For the past eight hours I had been in the basement of a dorm in Chapel Hill, North Carolina, playing a board game called Diplomacy along with six other men. Each of us was vying against 80 other people to be crowned the world champion of Diplomacy at the end of the weekend here at Dixiecon.1 One of those men, Brian Ecton, a high school math teacher from Prince George’s County, Maryland, with hair like Katt Williams and a mouth to match, approached me right at the start, sizing me up as a beginner and offering an alliance. He explained exactly how it would work and said we’d share a draw at the end. I had no reason not to agree.
For the next several hours each of the other players would take turns dragging me aside to explain to me how Brian was manipulating me, how he was going to betray me, how I should betray him first and work with them against Brian. I dismissed them all. After all, who’s to say they wouldn’t betray me as well? I was outmatched in this game. Safer to pick a player and stick with him come what may, I thought. But here I stood, on the verge of elimination, and the other players were pissed. According to them, I could have avoided this if I had listened to them hours ago.
“Don’t you realize that some of us traveled a very long distance to win this tournament?” a player from France said to me with disgust. “And because you won’t stab2 this guy, you’re going to die and bring all of us down with you.”
“Are you going to be paid for writing this story?” a Scottish player asked me. “Because I am losing three days’ wages to be here so that I can get screwed by you.”
I still don’t know whom I should have trusted, if anyone.
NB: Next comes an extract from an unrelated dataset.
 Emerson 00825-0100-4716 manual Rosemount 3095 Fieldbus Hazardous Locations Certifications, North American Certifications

All I know is that I felt stupid, stressed out, humiliated, and sad. I had several shouting matches with a few of these guys. Some of them got personal. And all I had to show for my loyalty to Brian Ecton and my righteous indignation toward the other players was nothing at all. I was physically exhausted and emotionally abused. I hated Brian, the other players all hated me, and I hated myself most of all. I had to purse my lips extra hard to fight the urge to cry.
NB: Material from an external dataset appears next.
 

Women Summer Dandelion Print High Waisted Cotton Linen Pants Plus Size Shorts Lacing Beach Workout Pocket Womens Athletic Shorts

Settlers of Catan, eat your goddamn heart out.
If you’ve ever heard of Diplomacy, chances are you know it as “the game that ruins friendships.” It’s also likely you’ve never finished an entire game. That’s because Diplomacy requires seven players and seven or eight hours to complete. Games played by postal mail, the way most played for the first 30 years of its existence, could take longer than a year to finish. Despite this, Diplomacy is one of the most popular strategic board games in history. Since its invention in 1954 by Harvard grad Allan B. Calhamer, Diplomacy has sold over 300,000 copies and was inducted into Games Magazine’s hall of fame alongside Monopoly, Clue, and Scrabble.
The game is incredibly simple. The game board is a map of 1914 Europe divided into 19 sea regions and 56 land regions, 34 of which contain what are known as “supply centers.” Each player plays as a major power (Austria-Hungary, Turkey, Italy, England, France, Russia, Germany) with three pieces on the board (four for Russia) known as “home supply centers.” Each piece can move one space at a time, and each piece has equal strength. When two pieces try to move to the same space, neither moves. If two pieces move to the same space but one of those pieces has “support” from a third piece, the piece with support will win the standoff and take the space. The goal is to control 18 supply centers, which rarely happens. What’s more common is for two or more players to agree to end the game in a draw. Aside from a few other special situations, that’s pretty much it for rules.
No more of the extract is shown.